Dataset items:
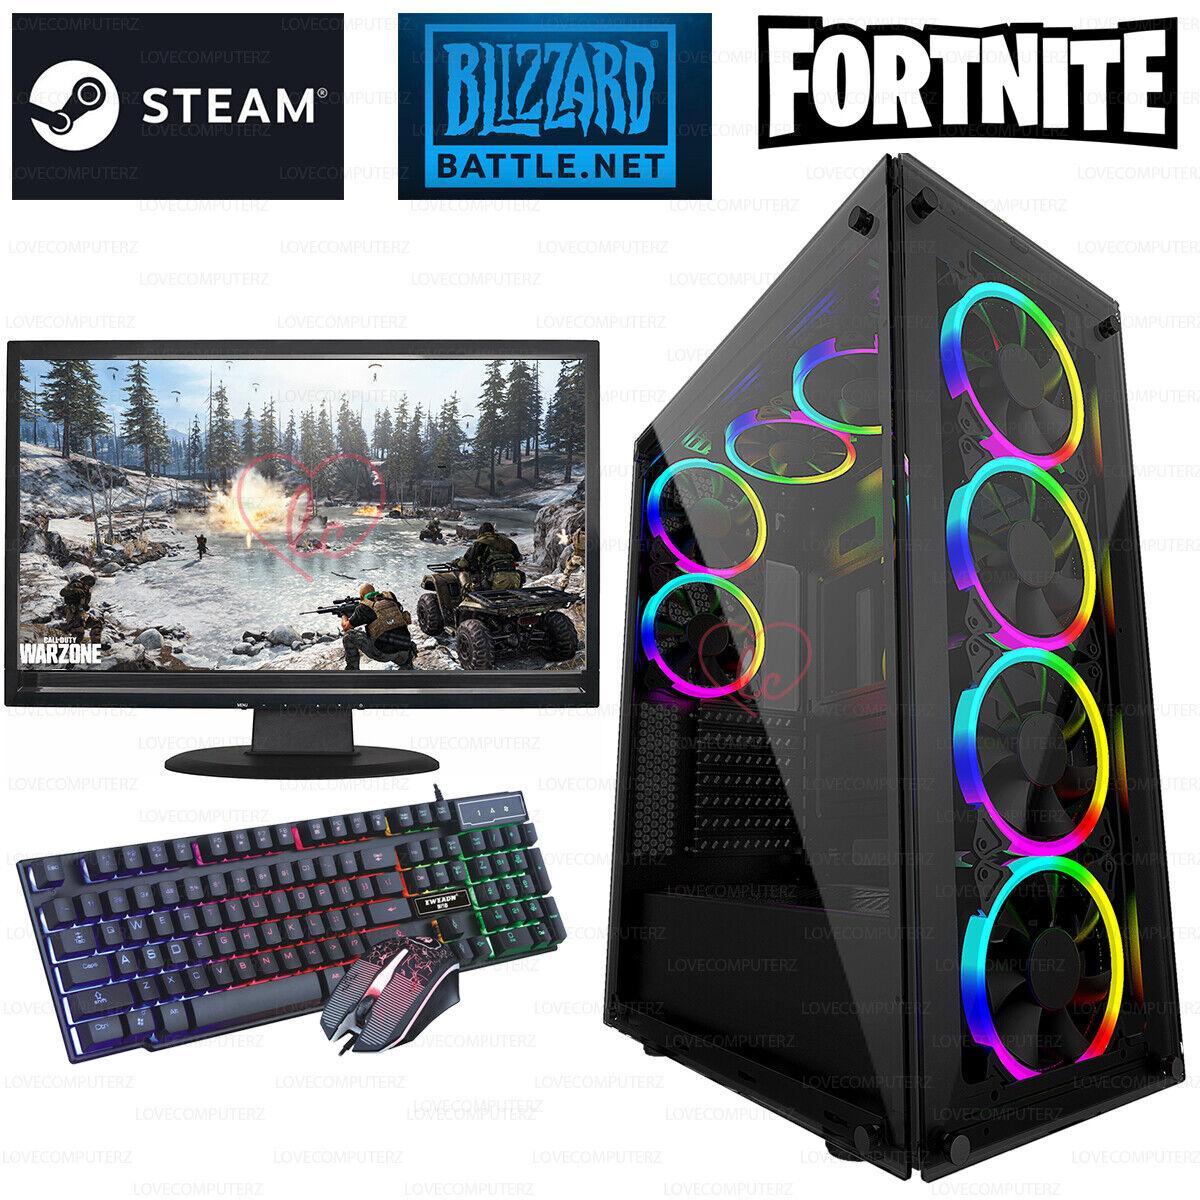 Computer Games - FAST Intel Core i7 Gaming PC Computer 16GB RAM 1TB HDD Windows 10 GT 710 2GB
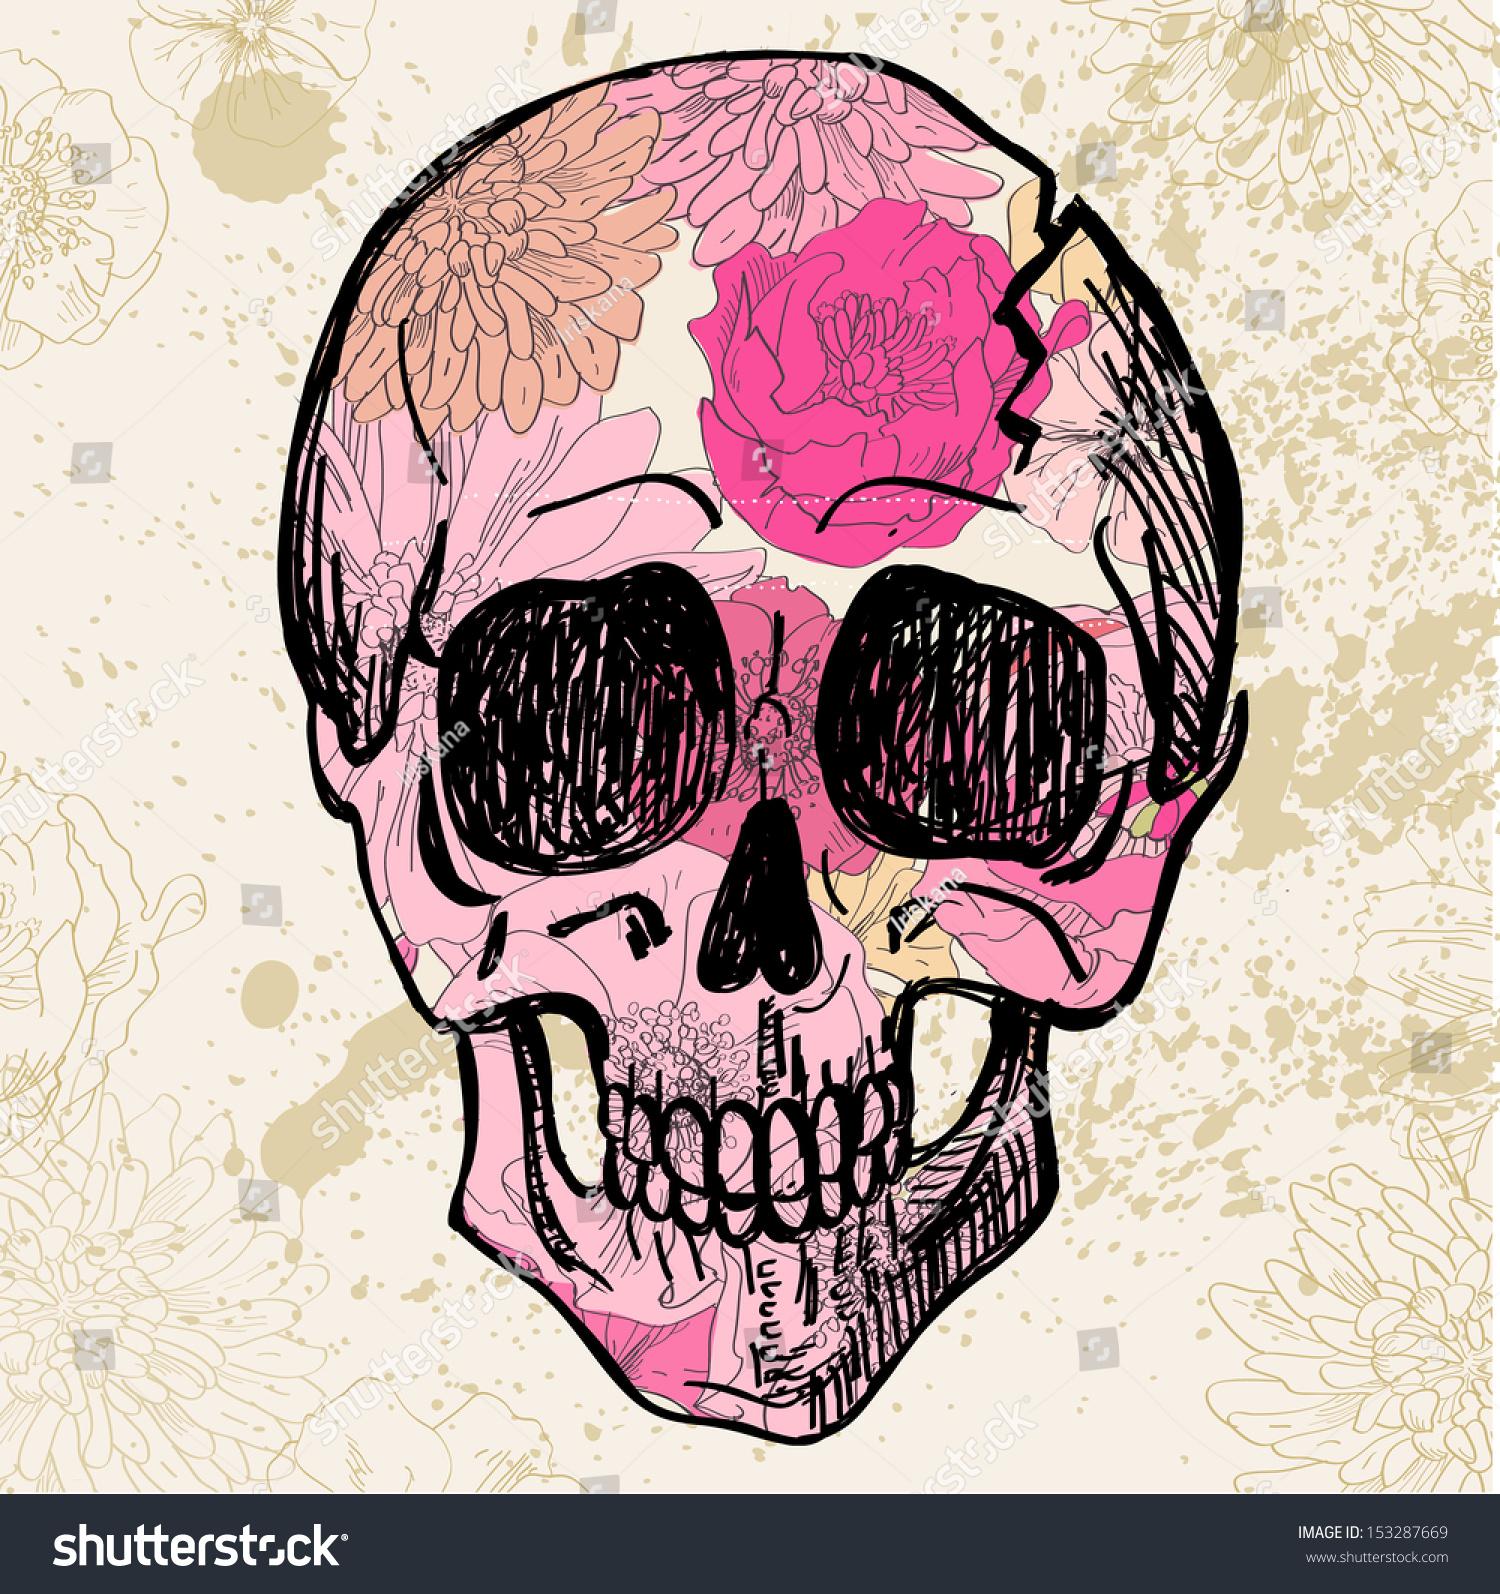 Vector skull pink flower pattern on stock vector 153287669 vector skull with pink flower pattern on textured background vintage illustration mightylinksfo
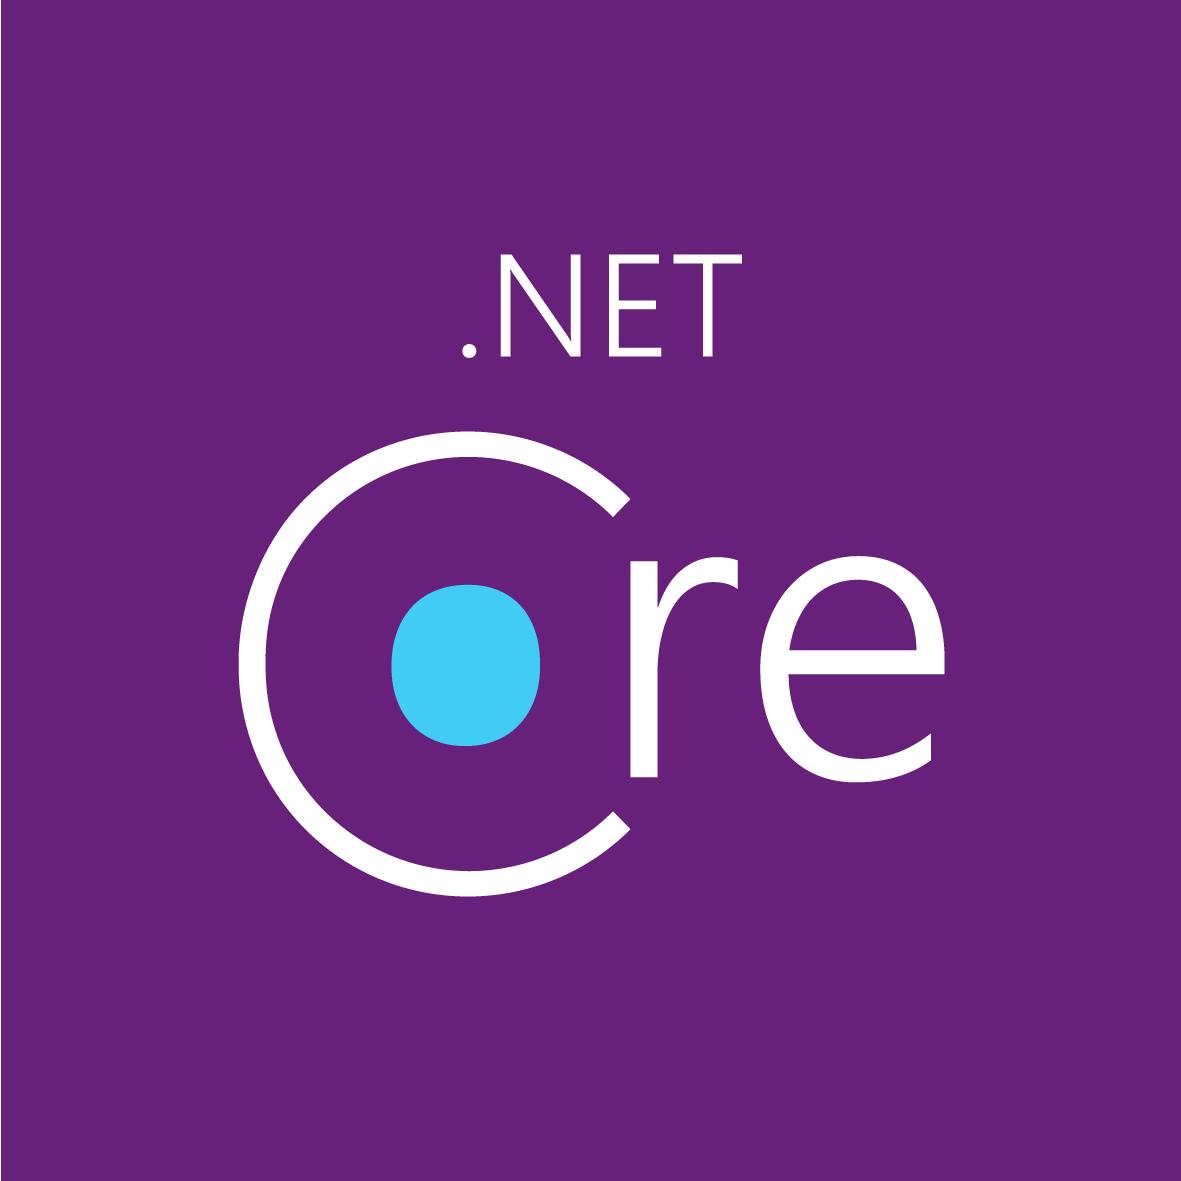 https://raw.githubusercontent.com/campusMVP/dotnetCoreLogoPack/master/.NET%20Core/Bitmap%20RGB/Bitmap-BIG_NET-Core-Logo_2colors_Square_Boxed_RGB.png
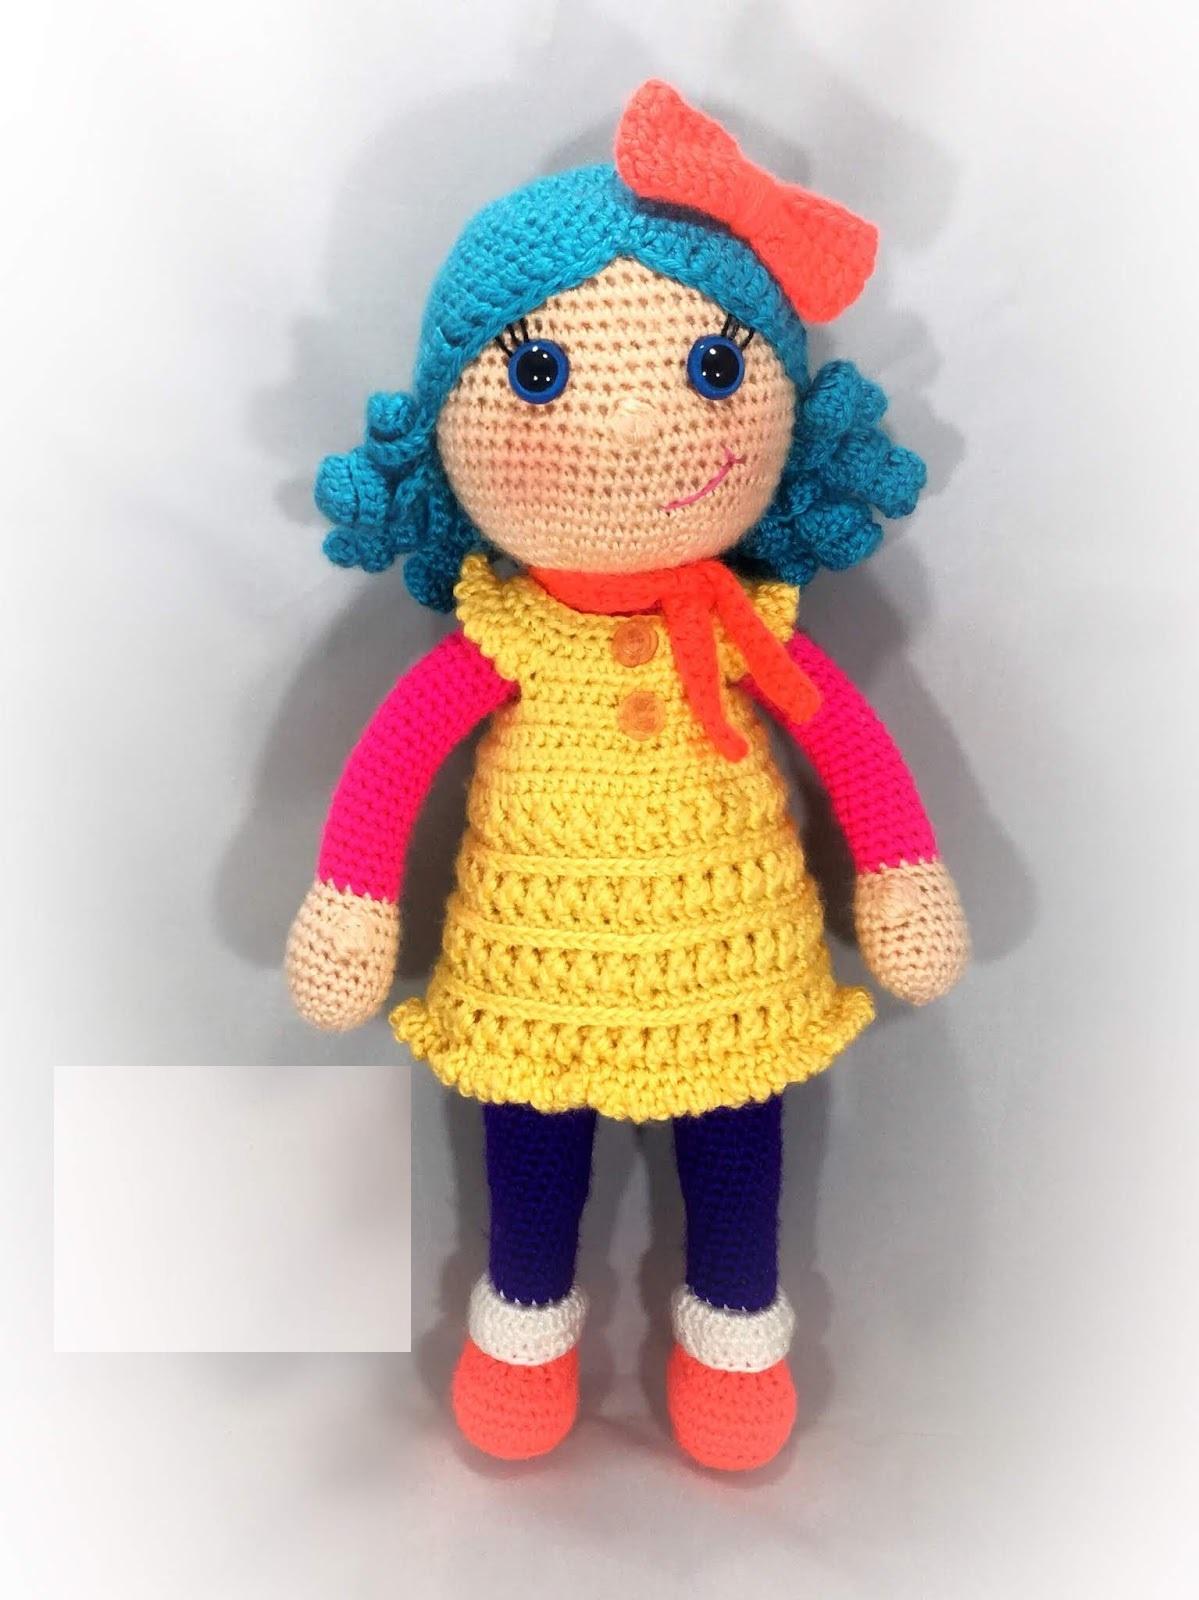 cute-amigurumi-amigurumi-chloe-doll-cal-free-pattern-4 Amigurumi Chloe Doll Cal Ücretsiz Desen
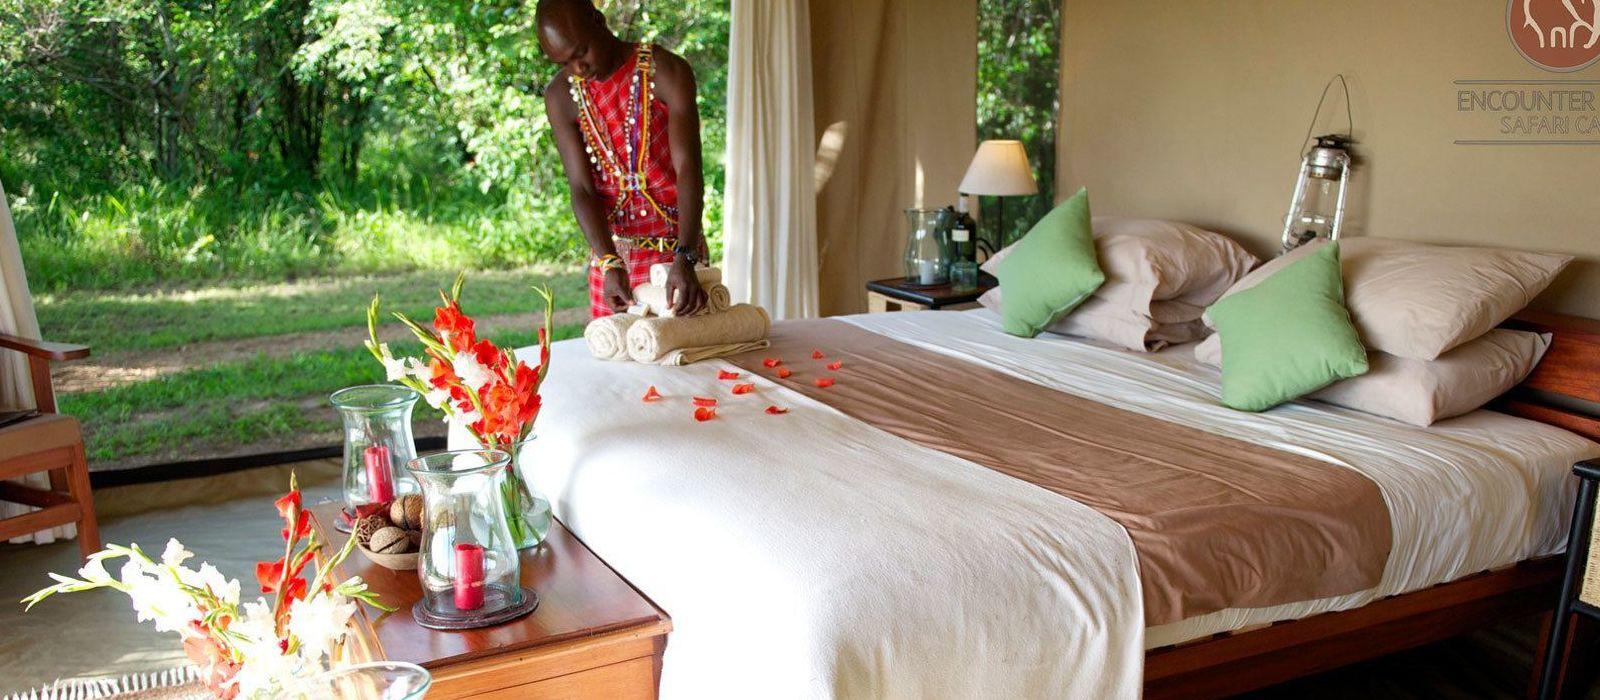 Hotel Encounter Mara Kenya

What you are asked to do:
Output the span from the line with "Cal Ücretsiz Desen" through the last line of the data, inclusive and exact, and omit every picture.

Solution to the exercise:
 cute-amigurumi-amigurumi-chloe-doll-cal-free-pattern-4 Amigurumi Chloe Doll Cal Ücretsiz Desen
 Hotel Encounter Mara Kenya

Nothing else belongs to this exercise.